# What does a 320 lb. woman look like?



## RegalCharm (Jul 24, 2008)

*The question is, What does a 320 pound woman look like?*

*Now, before you look at her pictures, get a mental image of what you think a woman who weighs 320 looks like.... *














Got it? 






Ready?


















Not what you were expecting, was it??!! 

The tallest and biggest woman in the world lives in Holland. 

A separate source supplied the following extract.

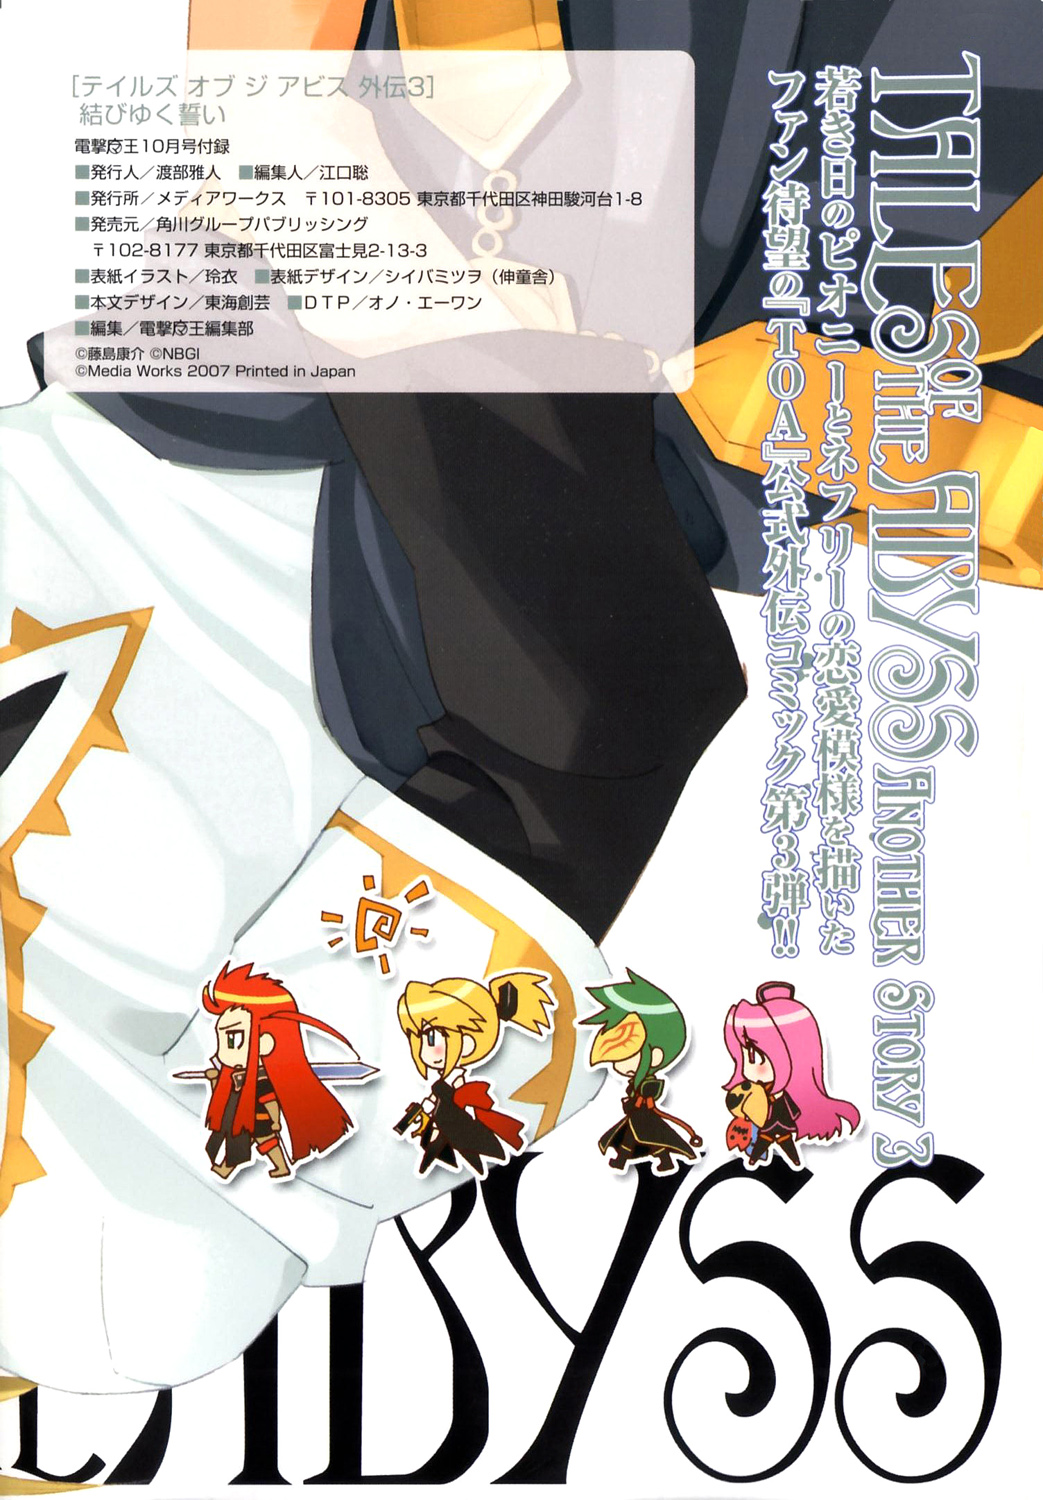 Tales Of The Abyss - Another Story Vol.3 Chapter 0 V2 : Another Story 3 - Peony And Nephry Gaiden: Musubi Yuku Chikai - Picture 3

She is 7'4" and weighs 320

Whata relief! Now we ALL know we aren't overweight, just too short!


----------



## Kentucky (Aug 2, 2008)

no pictures just the x


----------



## Angel_Leaguer (Jun 13, 2008)

Not sure if this is the one... but here is some interesting info:

snopes.com: World's Tallest Woman


----------



## shmurmer4 (Dec 27, 2008)

ick...


----------



## GeminiJumper (Jun 12, 2008)

booo!!!! no pics!!


----------



## RegalCharm (Jul 24, 2008)

lets try again even though I can see them in the post


----------



## RegalCharm (Jul 24, 2008)

Ok, she is not the record holder. emails lie, LOL

but still I would not kick her out of bed for eating crackers.:lol:


----------



## GeminiJumper (Jun 12, 2008)

wow!!! she's freakin' tall!! haha


----------



## minihorse927 (Aug 11, 2008)

7foot4 and still needs heels!


----------



## LauraB (Nov 11, 2008)

Holy Cow!


----------



## Salty_alydaR (Mar 24, 2008)

danngg! those heels have to be at least..like 5 or 6 inches!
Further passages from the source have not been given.